The Suez crisis of 1956 was the critical juncture, when their own weakness shocked the West European powers. Britain and France invaded Egypt but then had to stand down in the face of opposition from the U.S. With the possible exception of the Falklands war, no major foreign military expedition has been launched by the European countries. They have tended to opt out of first-rank international leadership, accept their demotion to medium-size power status and grudgingly leave responsibility for their defense to the U.S. This sometimes comfortable, sometimes melancholy provincialization of Western Europe has led to a softness on terrorism and reluctance to take action.
Perhaps the strongest case for Western Europe's opposition to the U.S. retaliation is the military one. European officers, indeed even some senior NATO figures, argue that the U.S. strike was not strong enough to attain its military objectives. It neither destroyed nor destabilized the Gaddafi regime. It may, instead, have compelled moderate Arab governments to rally behind Gaddafi. Mitterrand and Chirac complained to U.S. Envoy Vernon Walters that a limited bombing raid could stir up a new wave of Islamic extremism. "With a victory like that, who needs a defeat?" said Dominique Moisi, a French strategic expert.
Moisi and others, however, conclude that a questionable military mission may end up having a desirable political result, and will not have lasting effects on the alliance. "Paradoxically, it has forced the Europeans to take stronger measures against Gaddafi." he says. "European passivity forced the Americans into military action, and American military action has forced the Europeans out of their passivity. The crisis should be short-lived. Neither side can afford to let it get more serious or last too long."

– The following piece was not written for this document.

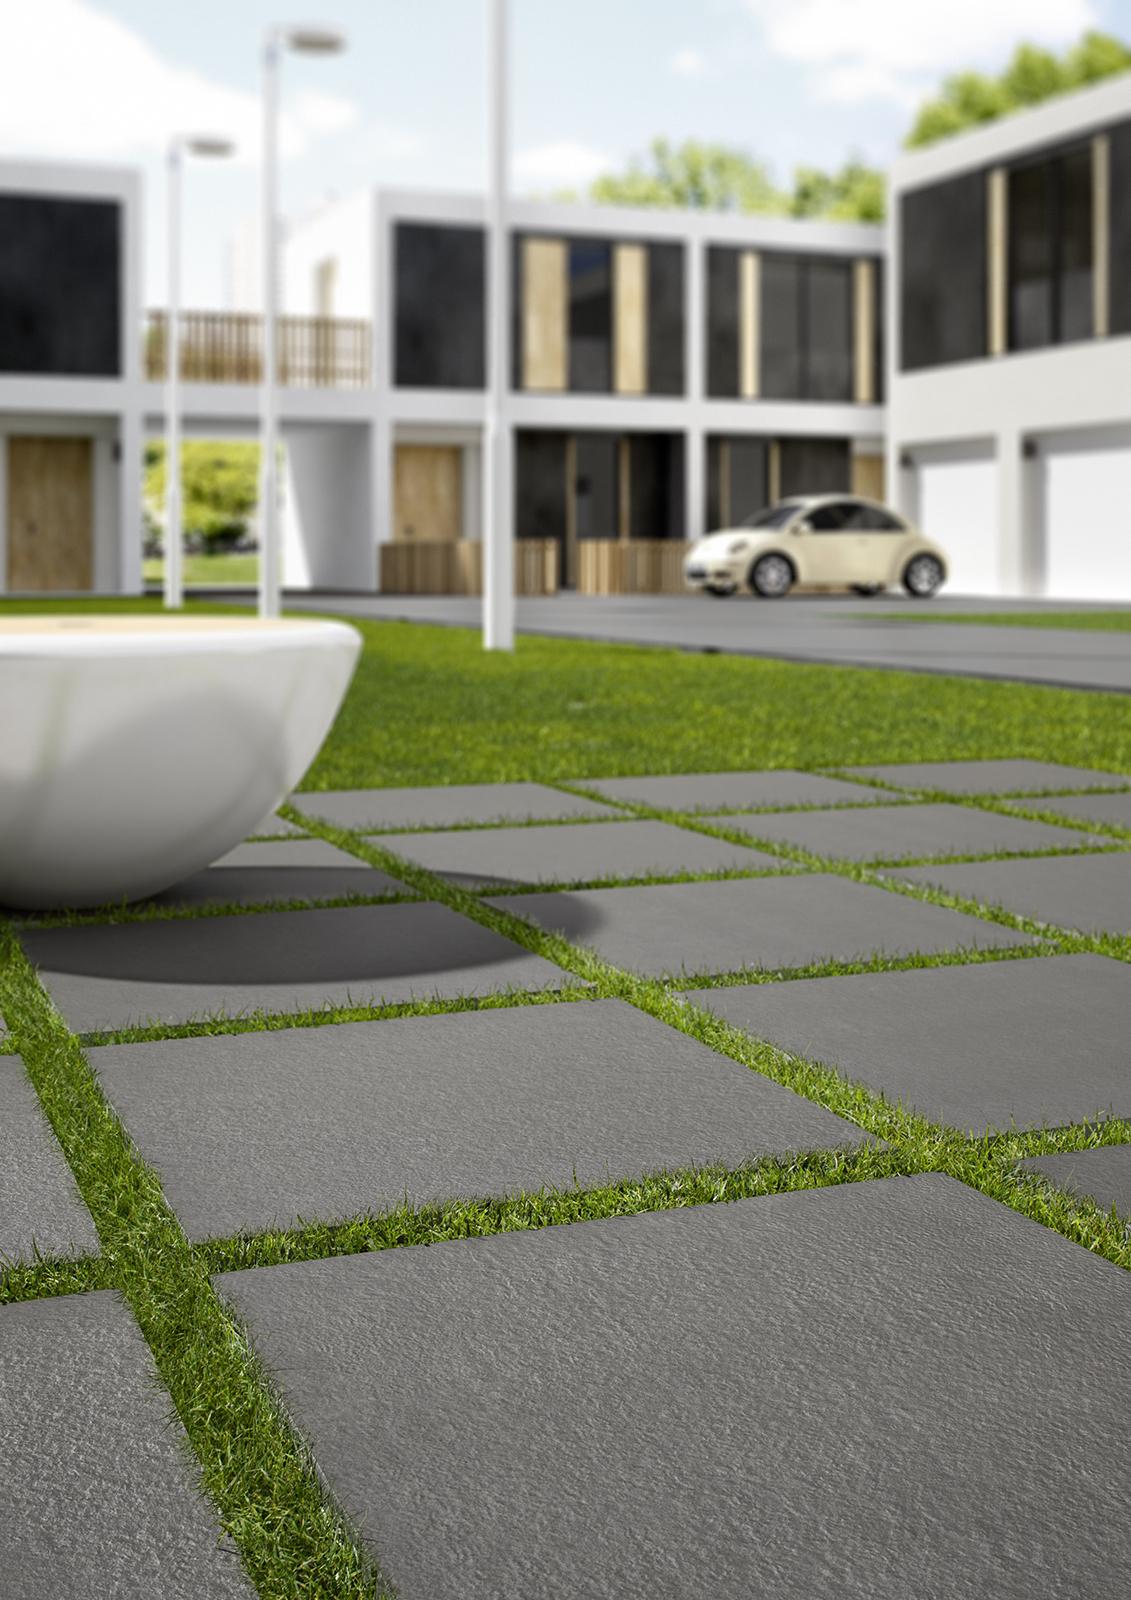 Sistemn20 outdoor flooring marazzi sistemn20 ceramic tiles marazzi5634 doublecrazyfo Choice Image

Despite widespread opposition to the U.S. strike, a silent minority of Europeans approved. Former French President Valery Giscard d'Estaing spoke for them when he recalled how he sent French paratroops to quell an insurgency in Zaire in 1978. On that occasion, he noted gratefully, "our forces were conveyed from Corsica to Zaire by American planes." Giscard and Thatcher showed that not all Europeans have forgotten how allies, even when they disagree, sometimes have to stand by each other.